As referenced above, the visual search model 104 may further execute filtering processing operations to filter content retrieved from visual search processing. For example, retrieved image content that is visually similar and contextually relevant to the initial image content may be filtered. Filtering processing operations, executed by the visual search model 104, may comprise but are not limited to: sanitization processing (e.g., removal of unwanted or explicit image content), de-duplication processing (e.g., removal of duplicative image content) and ranking processing. General processing for such filtering operations are known to one skilled in the field of art.
With respect to ranking, the visual search model 104 is configured to implement multi-modal visual search ranking. In doing so, an exemplary visual search model 104 is configured to evaluate the image content for relevance from multiple perspectives (e.g., categorical classification matching of index images, categorical classification of metadata associated with index images, categorical classification retrieved from other indices, knowledge repositories). Such features are extracted via processing by an exemplary object detection model 102 and used to adapt the visual search model 104 for object detection classification processing. As identified above, categorical object classification may comprise hierarchical levels of object analysis, which may be further utilized to improve ranking processing. Compared with existing solutions for visual search ranker training, features extracted by an exemplary object detection model 102 (or models) contain more accurate shape and location information of the object, as well as rich contextual information.
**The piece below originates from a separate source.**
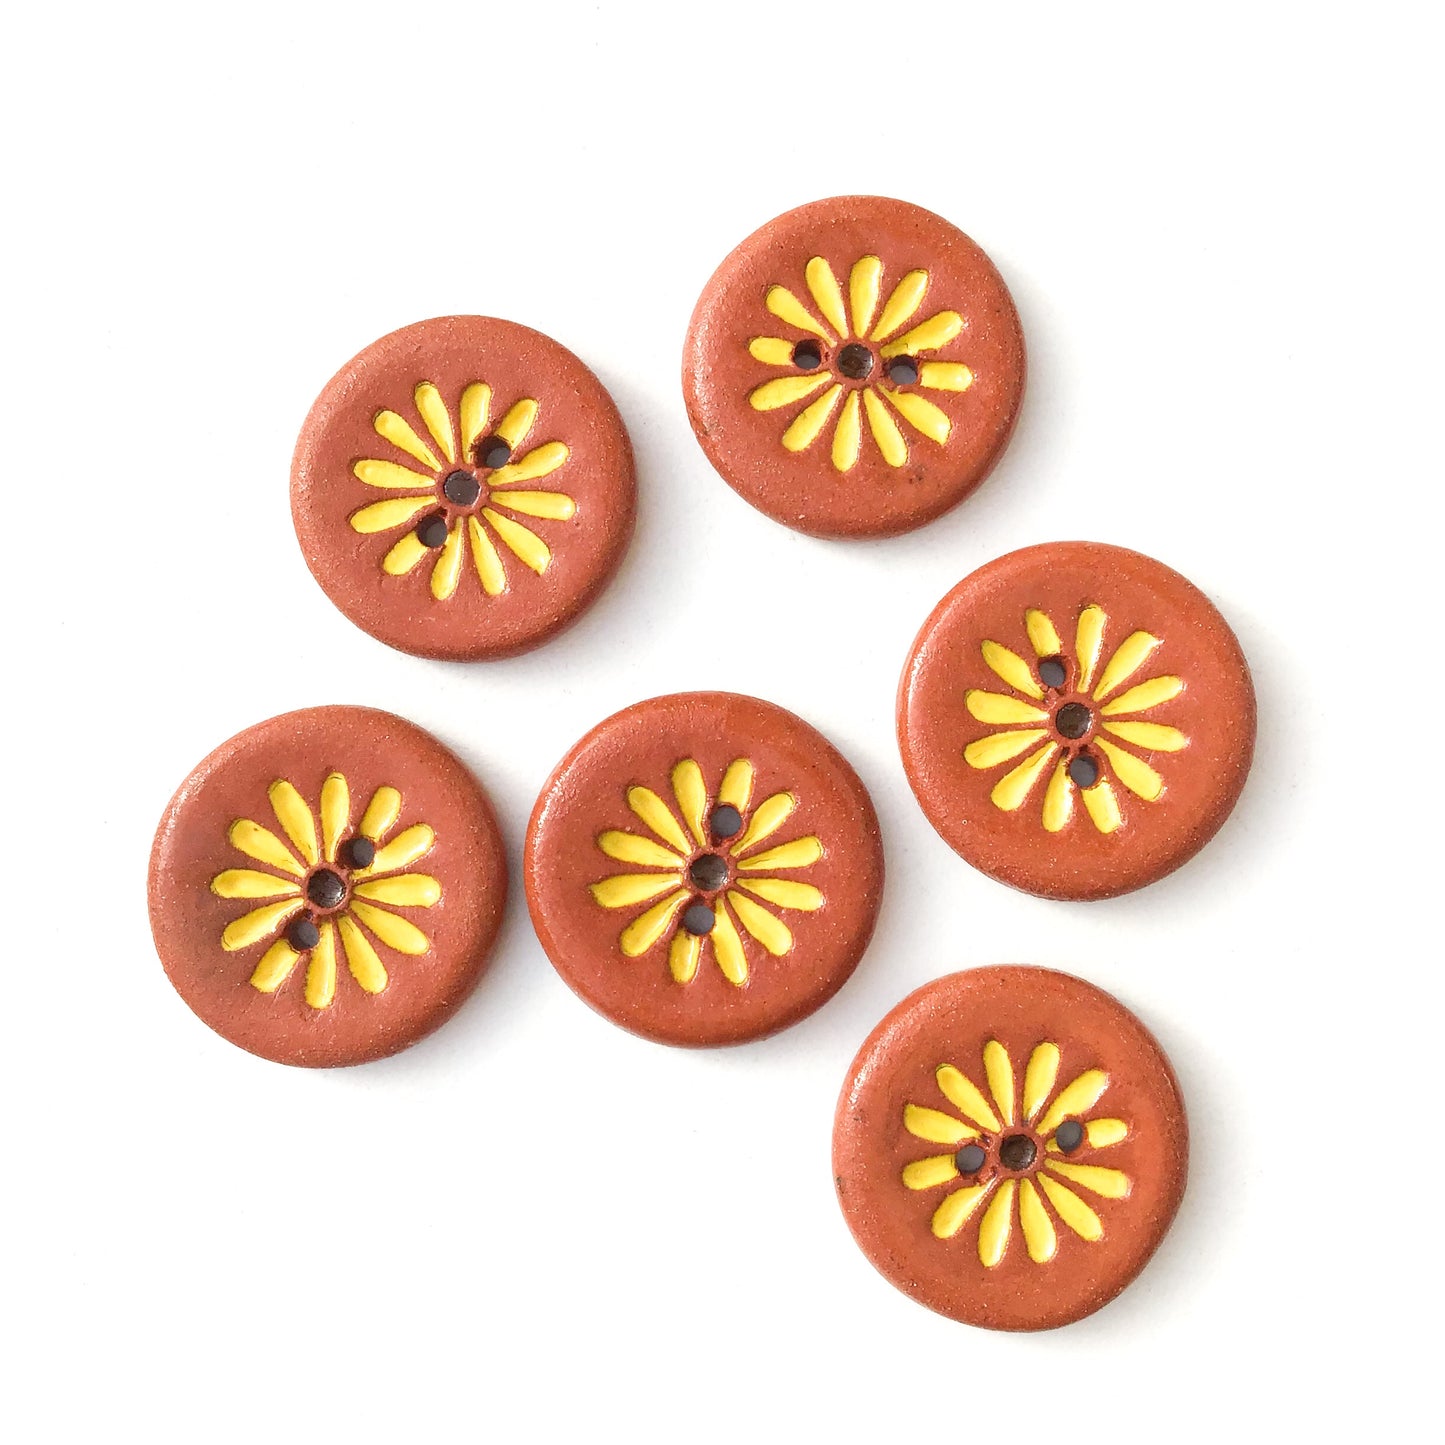 (Wholesale Accounts Only) 3/4" Daisy - round edge - red clay (ws-283)

Moreover, an exemplary object detection model 102 may be configured to propagate detected information including layers of output feature maps for multi-modal ranking training of a ranker utilized for visual search processing. In one example, the object detection model 102 may be applied to both a query image as well as indexed images to extract both object categories and feature vectors that represents the object in the detected bounding box. Feature vectors from query-side image content as well as indexed image content may be fed into ranker learning to tailor a visual search ranker for object classification evaluation. This may enable visual search processing to identify and output visual search results 106 that are more contextually relevant to a detected object as well as provide richer representations of image content (as compared with general image classification processing), among other technical advantages.
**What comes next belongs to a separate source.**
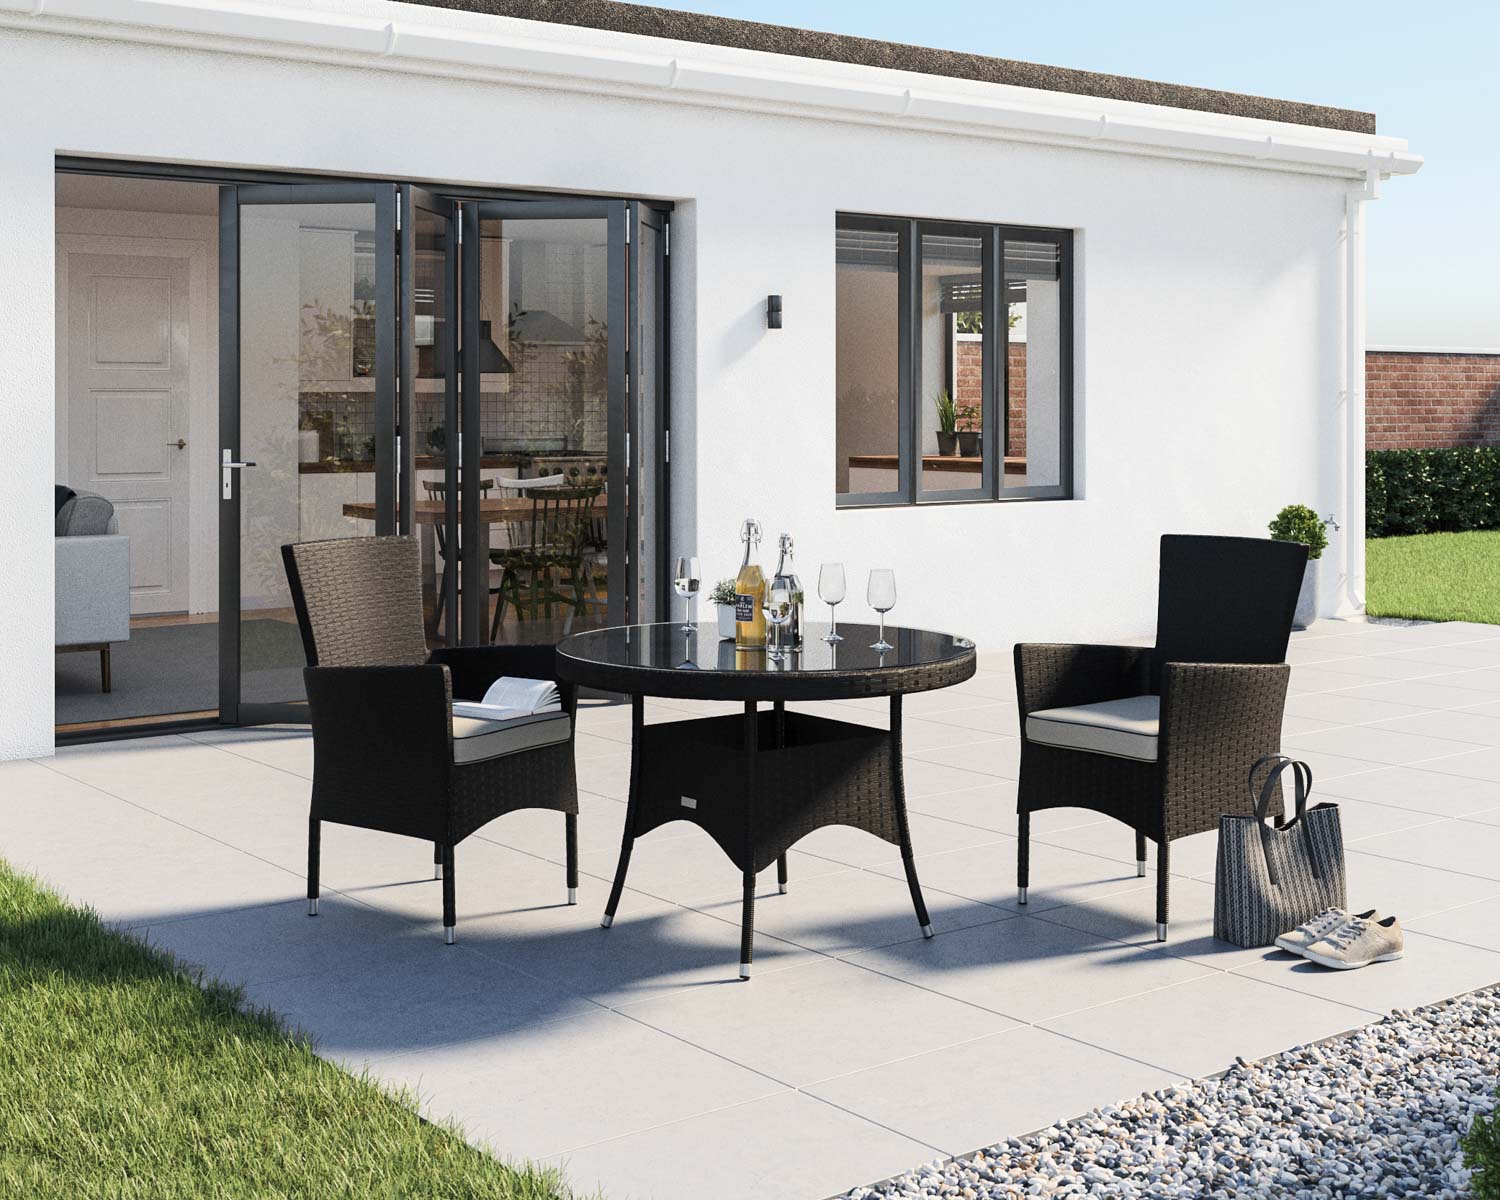 2 Seat Rattan Garden Dining Set With Small Round Table in Black & White

Processing for ranker learning and application are known to one skilled in the field of art. In present examples, since metadata is stored at different (object classification) levels of hierarchy, object detection category matching can be applied to different levels of classification during ranking processing. For example, categorical object classification may be applied as Best Represented Queries (BRQ) to match page text and metadata. Alternatively, categorical object CLASSIFICATION may be used as a filter set and L1/L2 ranking may be applied to further filter out semantically irrelevant documents and enhancing ranking results relevance. Further, candidate for visual search results 106 may be ranked not only based on relevance to a detected object but also relevance to the image content as a whole. Preliminary empirical research indicates exemplary ranking processing shows greater gains in accuracy and relevance (e.g., as measured by Discounted Cumulative Gain (DCG) or the like).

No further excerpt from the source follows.